Рассказы о прежней жизни - Николай Самохин 78 стр.


Другой, похуже, у меня не было, и я, поколебавшись, решил расстаться с этой.

— Что у тебя, мальчик? — спросила библиотекарша. — Лермонтов. Мэ, Ю… Нет, мальчик, ничего не выйдет: здесь не хватает страничек, а мы плохих книг не берем.

Если бы эта тетенька умела читать в глазах пацанов, прижимавших к груди свои первые книжки, она немедленно записала бы меня в свою библиотеку не рядовым, а почетным читателем. Но она не умела. А может, и умела, да кричащие письмена эти не трогали её душу.

…«По синим волнам океана, — шептал я, глотая слезы. — Лишь звезды блеснут в небесах»… Плохая книга?
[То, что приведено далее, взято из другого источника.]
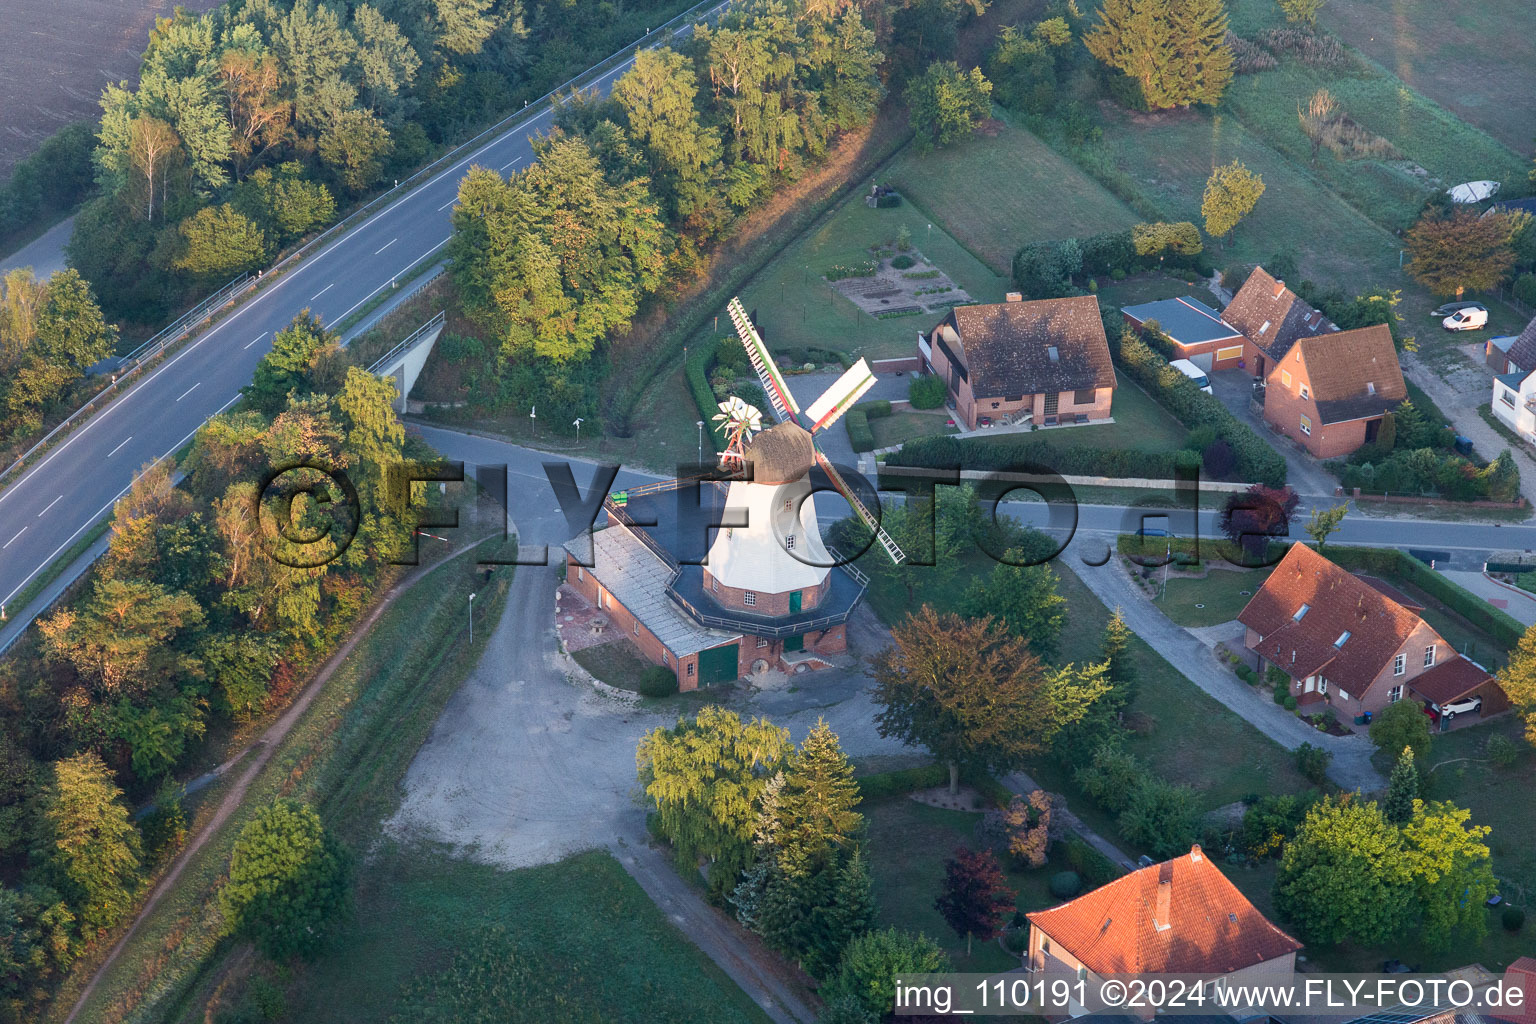 Historische Windmühle am Gehöft eines Bauernhofes am Rand von bestellten Feldern in Artlenburg im Bundesland Niedersachsen, Deutschland

Эта книга плохая?! Ну, нет! Даже с половиной страничек, даже порванная, склеенная, замусоленная, она осталась бы самой прекрасной книгой на свете… «По синим волнам океана»…

В библиотеку я смог записаться только в четвертом классе. И сразу же попросил дать мне «Конька-Горбунка». Библиотекарша глянула на меня с недоумением. Стоявшие рядом мальчишки рассмеялись, и один из них поддел меня, негромко сказав: «Мама, дай титю». Сами они караулили, кажется, рассказы о Шерлоке Холмсе.

Плевать мне было на их насмешки. Читал я уже про Шерлока Холмса. И про Шерлока Холмса, и «Униженные и оскорбленные» читал, и даже кое-что ещ. А «Конька-Горбунка» — нет. Сестра таких книг в дом не приносила.

Я засунул книгу почему-то не в сумку, а за пазуху, под рубашку, и пока бежал домой, сердце мое радостно тукало в её твёрденькую обложку.

Дома я бросил сумку с тетрадками, схватил кусок хлеба, забрался с ногами на лежанку, стоявшую за печкой, и…

  • За лесами, за горами,
  • За широкими морями,
  • Не на небе, на земле
  • Жил старик в одном селе…
  • С чем сравнить такие мгновения?! Не знаю… Возраст — с одной стороны, и обязанность читать жаждущие сравниться с дубами и кленами — с другой, сильно остудили воображение.

    Но я точно помню: книги формировали нас легче и лучше, чем институты, официально уполномоченные формировать. Они учили честности, прямоте, бескорыстию, справедливости, — не повторяя надоедливо: не ври, не завистничай, не жадничай.

    Они призывали к действию.

    Когда мы с дружком моим Эдькой прочли «Черную стрелу» Стивенсона, то сделали себе по луку, нарезали черемуховых стрел, оснастили их жестяными наконечниками и, для начала, испробовали свое оружие на тыквах. За четыре измочаленных тыквы была нам устроена грандиозная трепка, но зато потом мы целый месяц держали и суеверном страхе всех грыжевиков улицы Аульской, Kaждый вечер то одному, то другому из них вонзалась в ставню черная стрела. Выскочивший на улицу в одном исподнем, хозяин с матерками выдергивал ее, а выдернув, обнаруживал намотанную возле наконечника бумажку, с которой скалился жуткий череп.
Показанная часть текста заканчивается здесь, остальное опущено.